‘To get a confession from a proud male factor, it is always better to call for a poet than a priest.’ These are the wise words of William Archer, the narrator of part of The Fatal Tree and the notional editor of the rest. Mind you, he’s biased: he aspires to be a poet, though he is at best a ‘garreteer’, one of the Grub Street hacks who provide better writers than themselves with lurid copy about the early Georgian underworld they live in.
Archer’s world is the ‘Hundreds of Drury’, the streets and alleys around Drury Lane where the thieves, prostitutes and con men ply their trades. Known as Romeville in the thieves’ cant that colours so much of this novel, it holds up a dark mirror to the great metropolis around it. Romeville has its own laws and customs, its own heroes and villains. Immortalised by Defoe, Gay and Fielding, it both terrifies and fascinates the public.
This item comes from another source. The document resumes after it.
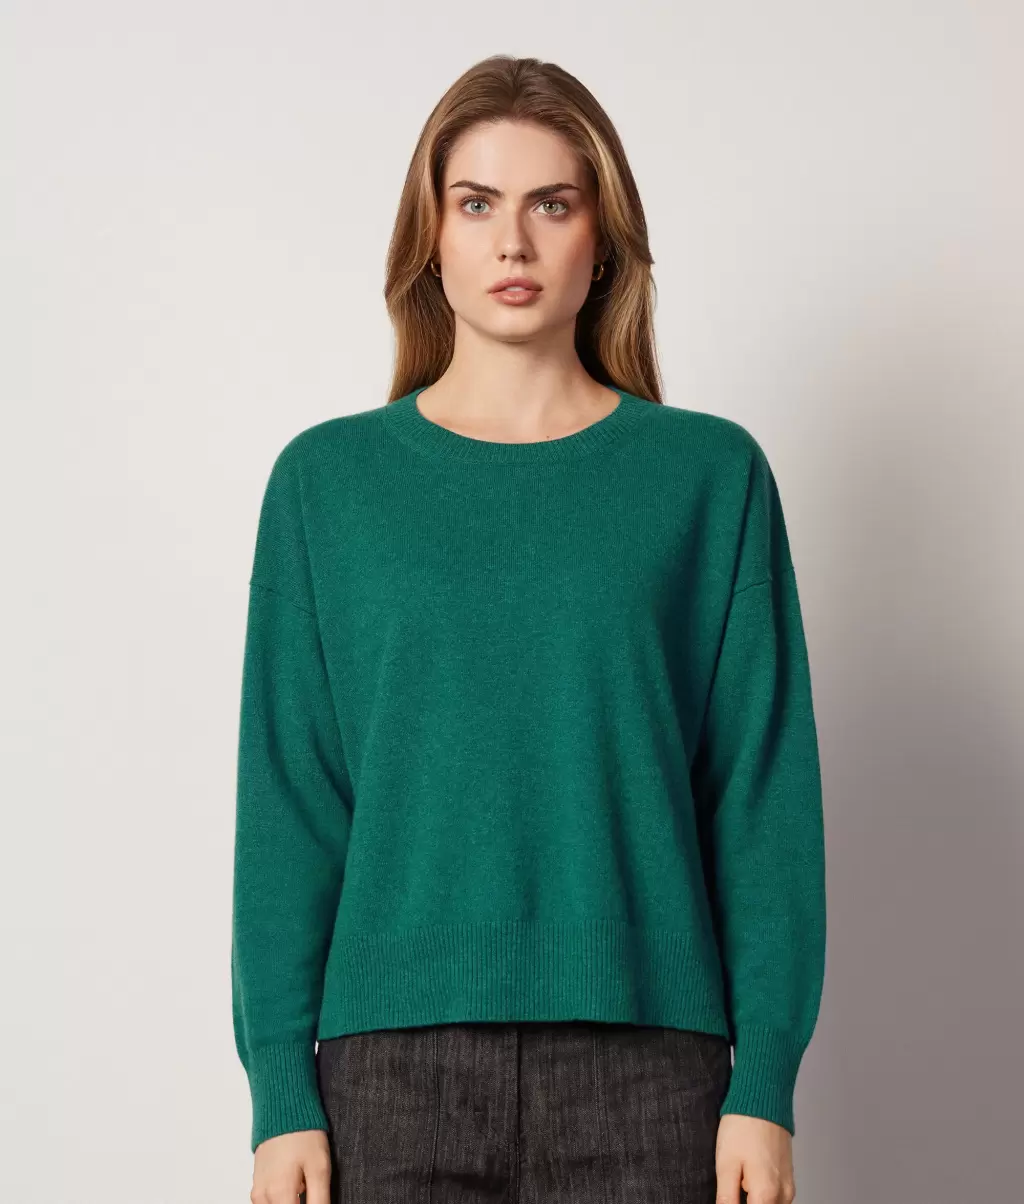 Dark_Green Sweter Z Okrągłym Dekoltem I Rozcięciami Z Kaszmiru Ultrasoft Falconeri Kobieta Swetry Z Okrągłym Dekoltem - 1

Archer is fictional, but most of the other main characters are not. Among them is the infinitely sinister Jonathan Wild, the self-styled ‘Thieftaker General of Great Britain and Ireland’, who plays each side of the law against the other to his own advantage. His feud with Jack Shepherd, the charismatic burglar who refuses to accept his authority, is one factor leading to his eventual downfall.
But the voice we hear most clearly is that of Edgeworth Bess, a prostitute who loves Jack but knows his weaknesses. In February 1726, at the start of the novel, she is imprisoned in Newgate. She dictates her life story to Archer in ‘flash’, the thieves’ language, while she waits to end her life on the ‘Fatal Tree’ at Tyburn.
In parallel with her story, Archer unfolds his own, for a reason that becomes fully apparent only at the end. He belongs to the homosexual subculture that finds a degree of tolerance within Romeville. He’s also a ‘spruce prig’, a thief who dresses like the gentry and apes their mannners.
Jake Arnott, who is probably best known for excellent novels such as The Long Firm about London gangsters in the 1960s, has done much more than update the work of his 18th-century predecessors. Unlike them, he shows the citizens of Romeville as people, not as folk heroes or bogeymen, and he does this without prurience or sentimentality.
In doing so, he gives us a convincing and densely textured picture of the world they live in. He doesn’t spare the reader the fruits of his research. If sentences like ‘I touted peery of the prig-napper by lightmans’ make you feel queasy, this may not be the novel for you. The rest of us will scurry to the glossary at the end of the book.
It’s worth the effort. The Fatal Tree is not just a sophisticated exercise in historical pastiche. Arnott explores what poor Bess calls ‘the felony of love’, a crime that is not on the statute book. The result is powerful, poignant and readable.